On Simulation-Guided LLM-based Code Generation for Safe Autonomous Driving Software
Ali Nouri, Johan Andersson, Kailash De Jesus Hornig, Zhennan Fei, Emil Knabe, Hakan Sivencrona, Beatriz Cabrero-Daniel, Christian Berger
TL;DR
The paper tackles safe autonomous driving software development by coupling a large language model–based code generator with a simulation-based evaluation loop. A Design Science workflow yields a prototype pipeline that iterates code generation against a minimal world model (esmini) and generates natural language safety assessment reports to guide improvement.

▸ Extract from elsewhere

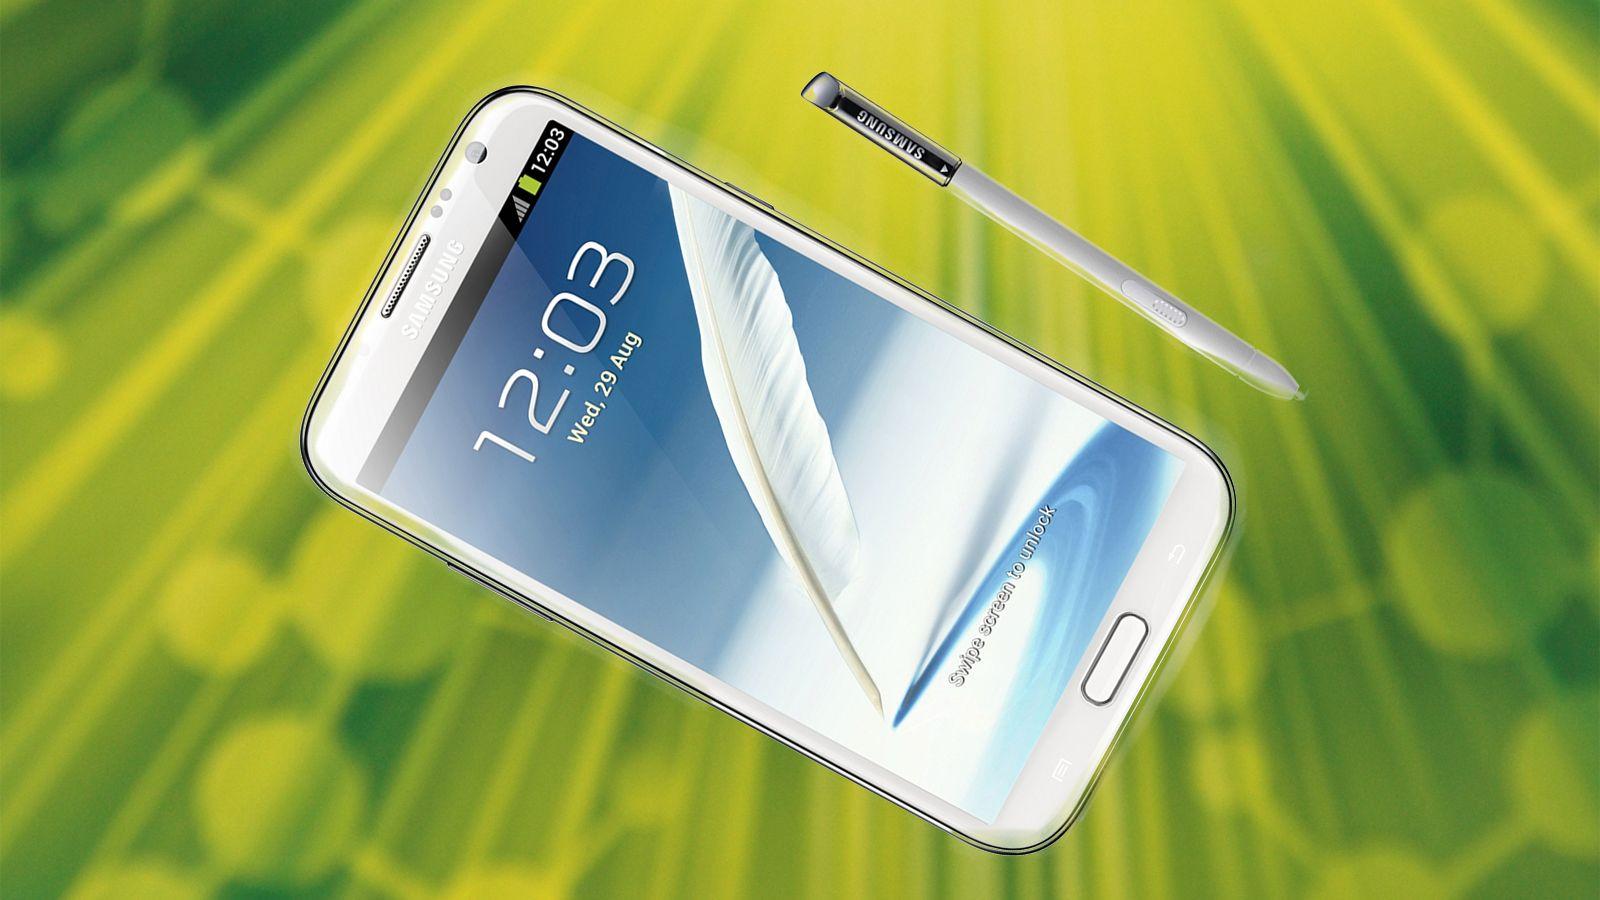 Vinn en Samsung Galaxy Note II

Across ACC and CAEM use cases, GPT-4 emerged as the most capable model among those tested, achieving fully functional results in some iterations while open-source models lag behind, underscoring the remaining need for human oversight and robust evaluation. The work demonstrates a model-agnostic, simulation-guided approach that can shorten ADS development cycles while highlighting key limitations, risks, and directions for formal methods and tool qualification for industrial deployment.
Abstract
Automated Driving System (ADS) is a safety-critical software system responsible for the interpretation of the vehicle's environment and making decisions accordingly. The unbounded complexity of the driving context, including unforeseeable events, necessitate continuous improvement, often achieved through iterative DevOps processes. However, DevOps processes are themselves complex, making these improvements both time- and resource-intensive. Automation in code generation for ADS using Large Language Models (LLM) is one potential approach to address this challenge. Nevertheless, the development of ADS requires rigorous processes to verify, validate, assess, and qualify the code before it can be deployed in the vehicle and used. In this study, we developed and evaluated a prototype for automatic code generation and assessment using a designed pipeline of a LLM-based agent, simulation model, and rule-based feedback generator in an industrial setup. The LLM-generated code is evaluated automatically in a simulation model against multiple critical traffic scenarios, and an assessment report is provided as feedback to the LLM for modification or bug fixing. We report about the experimental results of the prototype employing Codellama:34b, DeepSeek (r1:32b and Coder:33b), CodeGemma:7b, Mistral:7b, and GPT4 for Adaptive Cruise Control (ACC) and Unsupervised Collision Avoidance by Evasive Manoeuvre (CAEM). We finally assessed the tool with 11 experts at two Original Equipment Manufacturers (OEMs) by conducting an interview study.